Grants

ARC-grant funded projects:

[1] Selection of mixed strength moment restrictions and optimal inference (DP20; 2020-2022; $240,000), with Prosper Dovonon (Concordia University)

Summary: This project aims to develop model selection procedures in moment condition models that yields the best model for optimal inference even if the available moment restrictions have mixed identification strength. Expected outcomes include: efficiency bounds for parameters identified by moment condition models of mixed identification strength; and new entropy-based relevant moment selection criteria. Success in this undertaking will dramatically enlarge the pool of empirical work involving moment condition models.

[2] Identification power and instrument strength for causal effect in discrete outcome models (DP21; 2021-2023; $354,000), with Donald Poskitt (Monash University), Xueyan Zhao (Monash University), Eric Renault (University of Warwick) and Franck Windmeijer (University of Oxford)

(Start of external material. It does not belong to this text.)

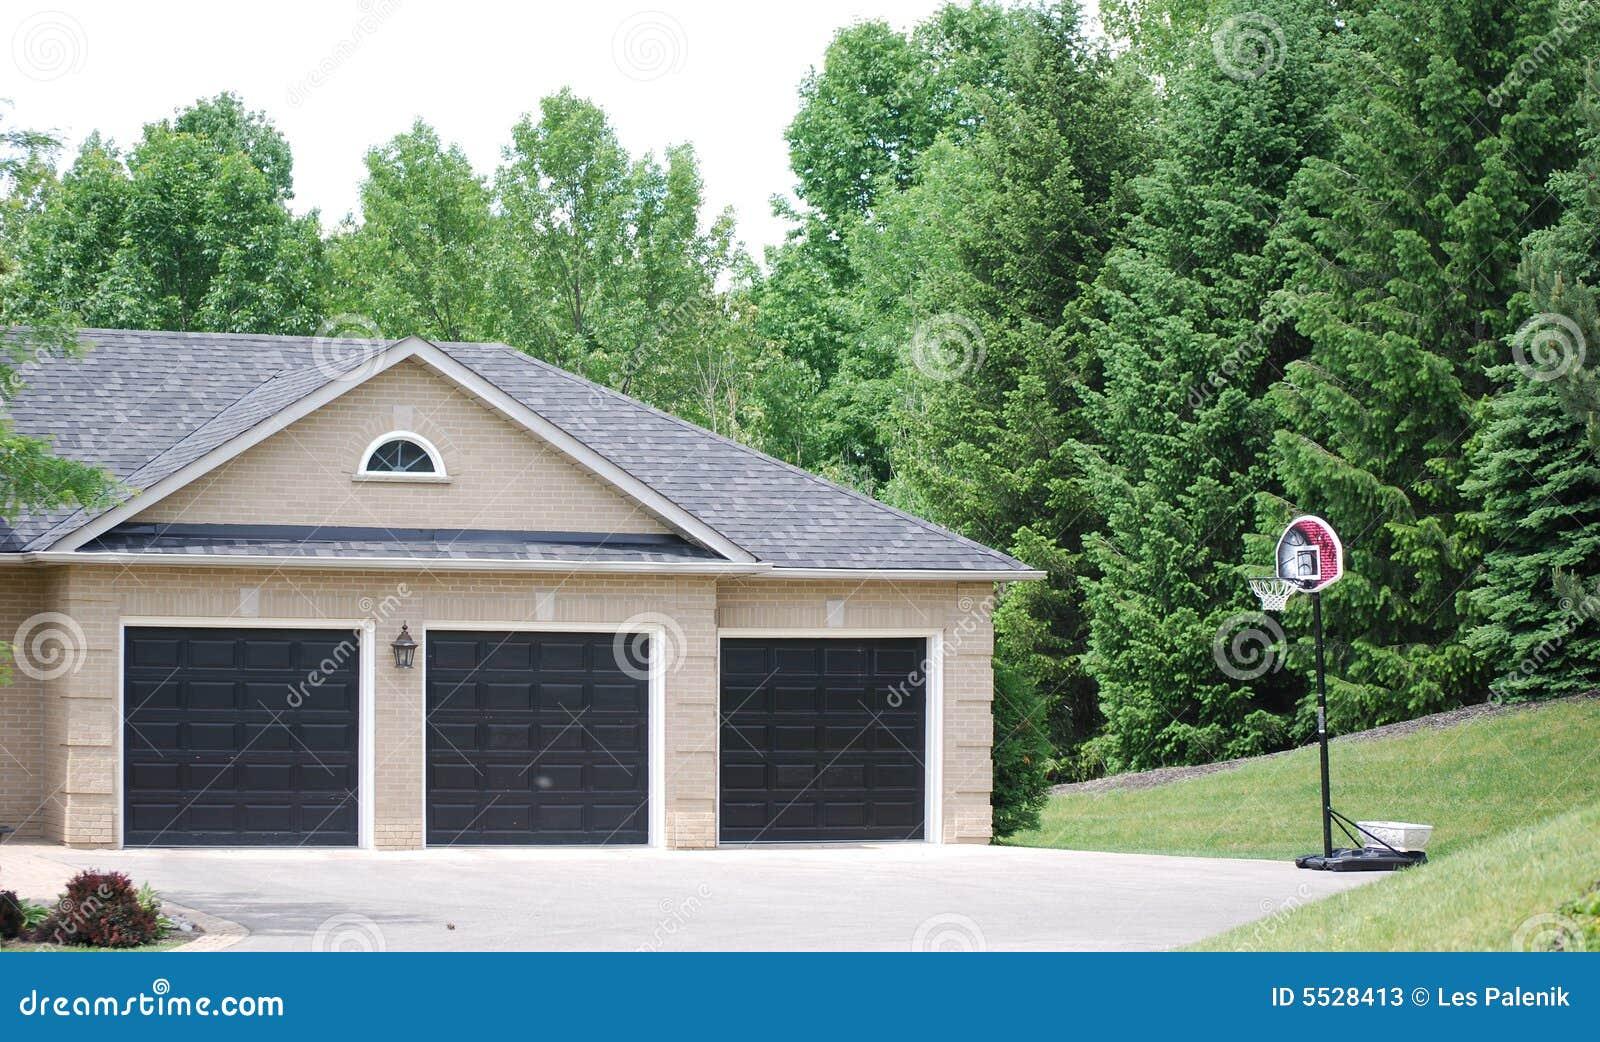 Three Door Car Garage Stock Image Image Of Detached Garage 5528413

Summary: This project aims to develop new econometric and statistical techniques to quantify causal effects in treatment models with discrete outcomes. Expected outcomes include a much-needed weak instrument test, a measure for identification strength in partial identification setting, and an instrument-covariate selection procedure for high dimensional discrete models based identification power. The benefits include advanced knowledge in econometrics and statistics, and enhanced tools for program evaluation and policy assessment in empirical causal analysis using observational data. The project falls into the category of smarter information use and is relevant to any national priority areas where policy interventions require assessment.


Other grants:

[3] Developing improved estimators for the stochastic frontier model (Ratio Research Institute Fellowship, $110,000), with Prof Magnus Soederberg (University of Southern Denmark, Denmark); and Prof Zangin Zeebari (Jönköping University, Sweden)

Summary: The project aims to develop improved estimators for the stochastic frontier model (used, for example, by regulators to determine relative efficiency of local monopolies). The project will involve both theoretical and applied work, including an application of the methodology proposed with Australian and international energy data.